Management and control is not established on the basis of clauses contained in the company’s Articles of Association but on the basis of the actual running of the company. If the central management and control of the company rests with an entity other than the board of directors (e.g. shadow directors) or the shareholders, the company would be managed and controlled in the country of residence of the aforesaid shadow directors / shareholders, irrespective of the clauses in the company’s Articles of Association.
It is possible for a body corporate to change its residence from one jurisdiction to another, insofar that the transition in management and control is done in good faith and can be clearly evidenced. Factors, which would typically indicate that the choice of residence where the company is effectively managed and controlled, is Malta, would be:
- Copies of Board minutes attesting that board meetings were held in Malta;
- Evidence that the company possesses an office in Malta;
- Evidence that the company’s accounts are audited in Malta;
- Evidence that the Company operates a Maltese Bank account (through bank statements etc.)
No factor is decisive on its own, and a thorough assessment of all criteria, cumulatively, should be entertained.
Malta Tax Rules
Malta asserts its right to tax on the basis of source jurisdiction and residence jurisdiction. All income that is deemed to arise in Malta, shall be taxable in Malta, irrespective of whether such income arising in Malta is remitted to Malta or not. With regard to foreign source income, the taxation of such income, is subject to socio-economic considerations (notably residence and domicile rules).

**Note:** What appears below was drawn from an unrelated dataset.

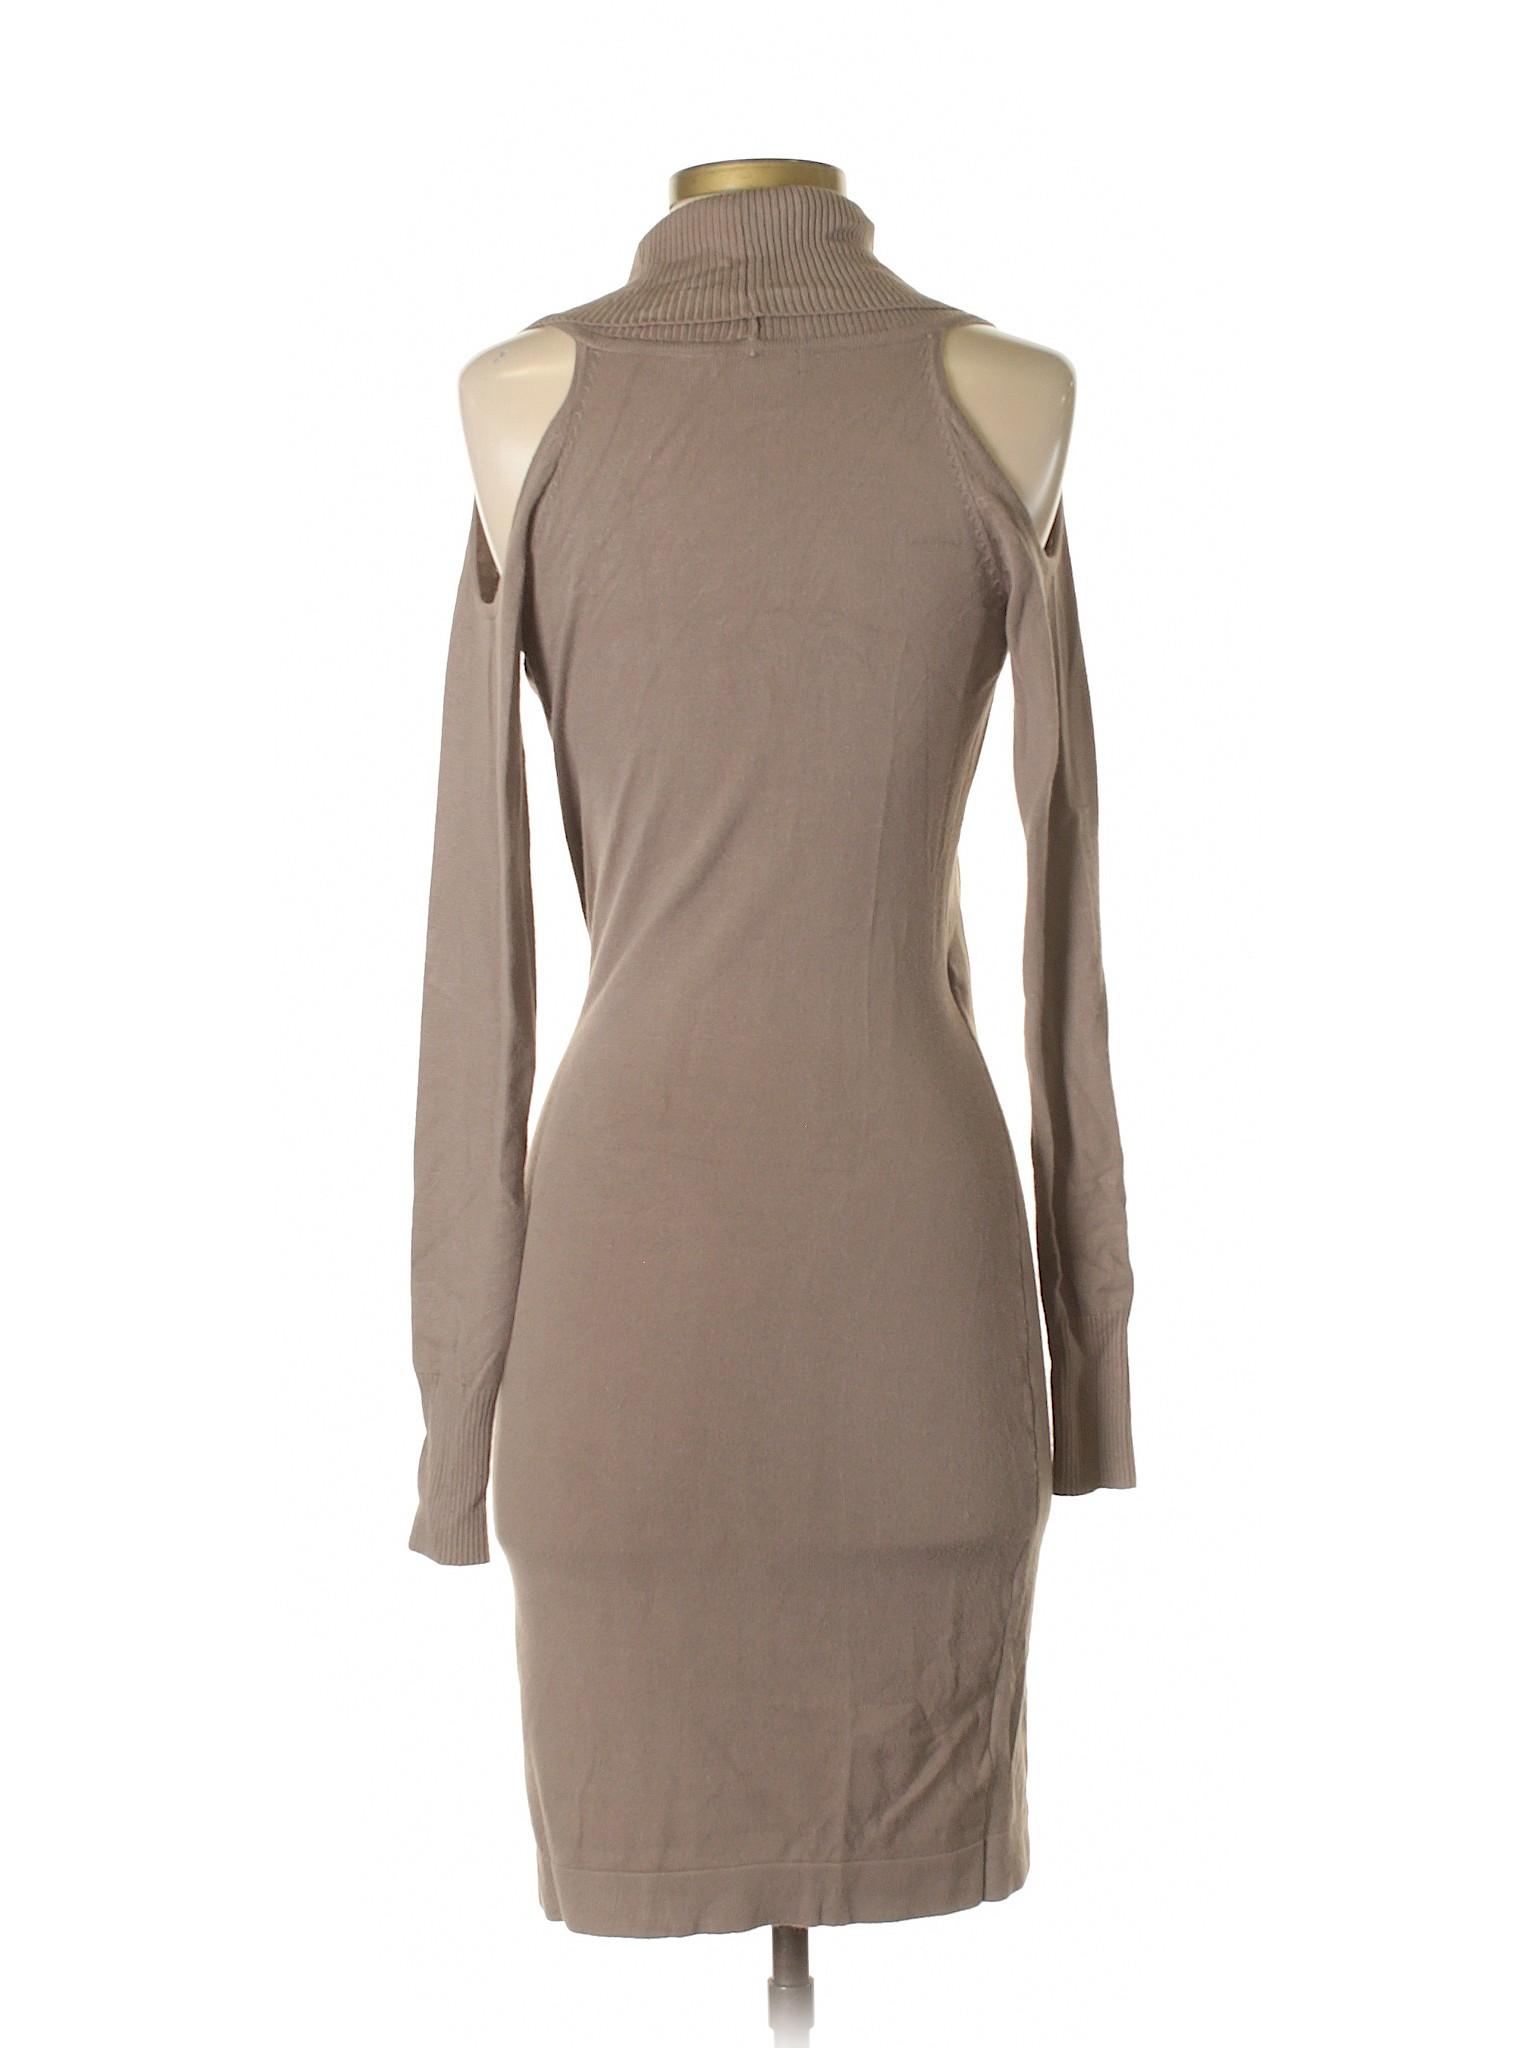 Venus Boutique Boutique winter winter Dress Casual Uq4qtxr

The basic rules relating to jurisdiction to tax derive from Article 4 of the Maltese Income Tax Act:
- Foreign source income derived by persons who are both ordinarily resident and domiciled in Malta is taxable in Malta, irrespective of whether such foreign source income is remitted to Malta (worldwide basis of taxation);
- Foreign source income derived by persons who are either not ordinarily resident but domiciled in Malta or domiciled in Malta but not ordinarily resident in Malta is taxable if received in Malta (remittance basis of taxation);
- Foreign capital gains derived by persons who are either (i) not ordinarily resident but domiciled in Malta or (ii) domiciled in Malta but not ordinarily resident in Malta, are not taxed in Malta even if remitted to Malta.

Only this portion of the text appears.